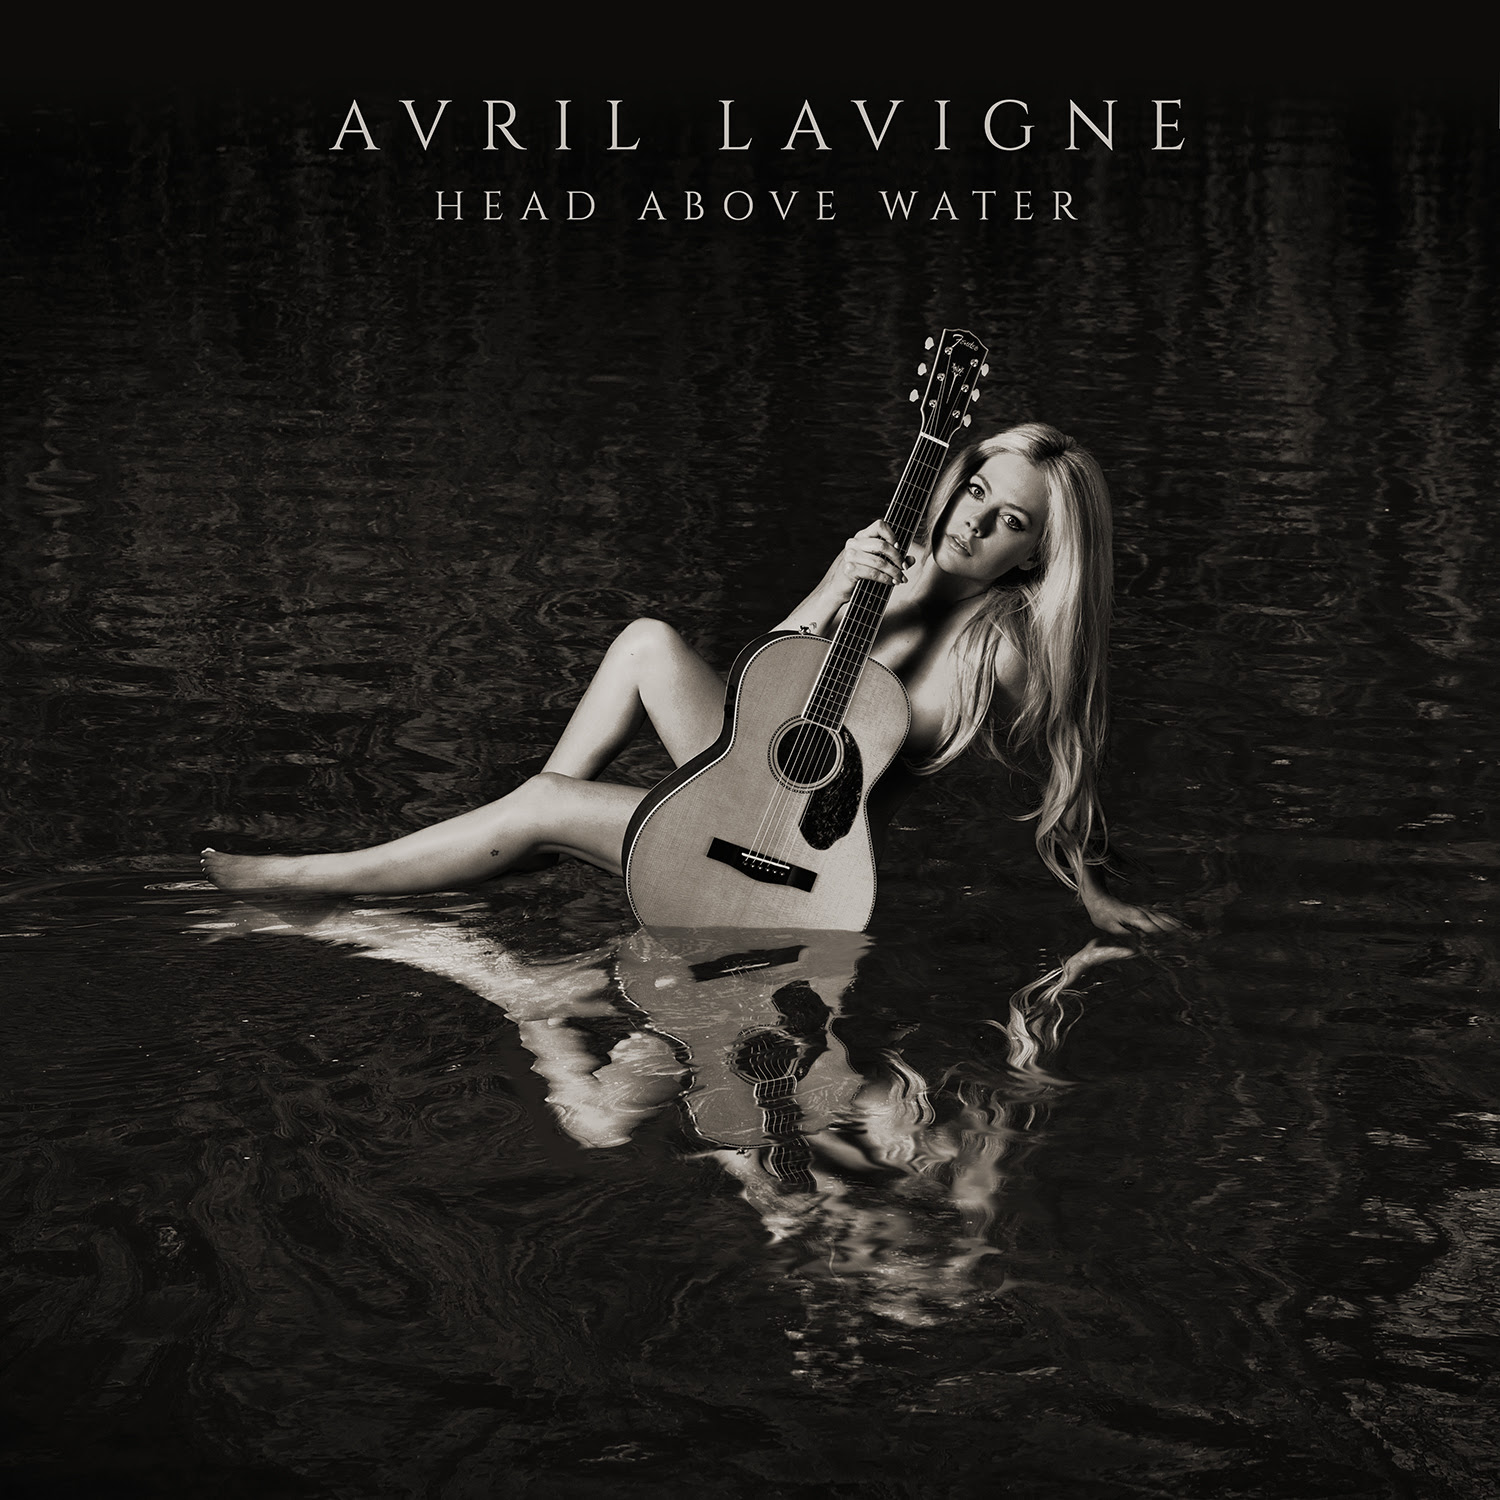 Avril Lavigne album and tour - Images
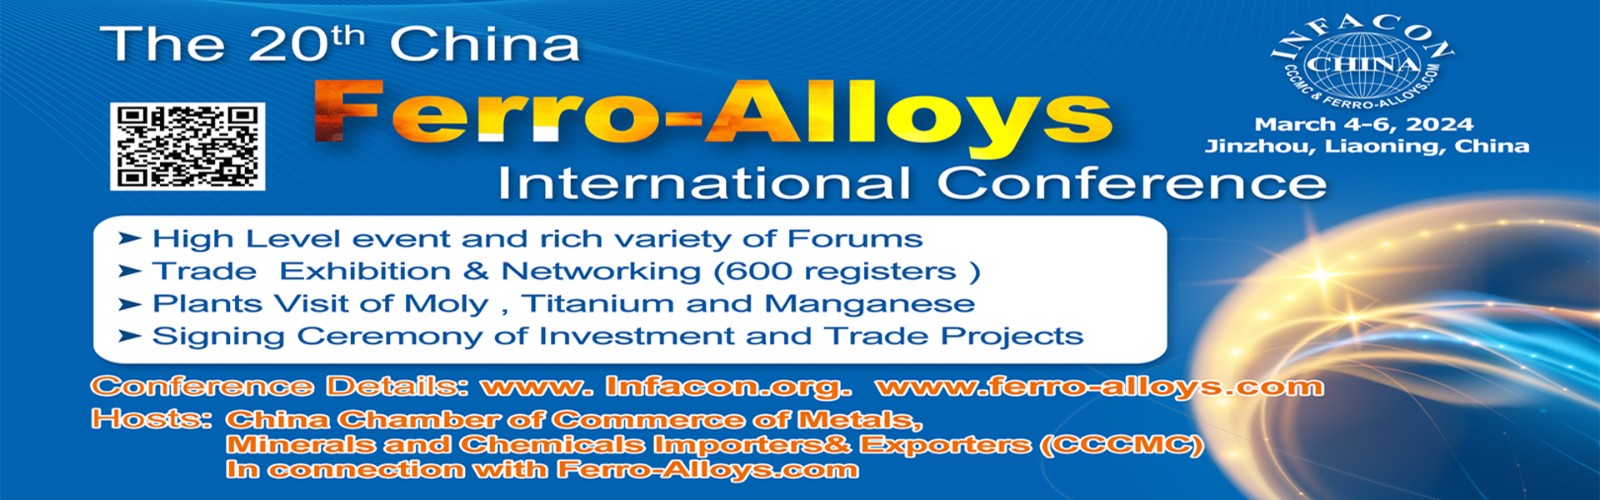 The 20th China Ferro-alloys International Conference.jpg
...
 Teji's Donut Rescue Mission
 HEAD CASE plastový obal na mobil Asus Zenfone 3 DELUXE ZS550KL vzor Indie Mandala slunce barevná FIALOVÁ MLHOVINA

» DIRECTIONS FOR THIS TASK
Extract from the records above the lines from the one containing "Teji's Donut Rescue Mission" to the one containing "HEAD CASE plastový", both lines included, exactly as they appear and with nothing else.

» TASK SOLUTION
 Teji's Donut Rescue Mission
 HEAD CASE plastový obal na mobil Asus Zenfone 3 DELUXE ZS550KL vzor Indie Mandala slunce barevná FIALOVÁ MLHOVINA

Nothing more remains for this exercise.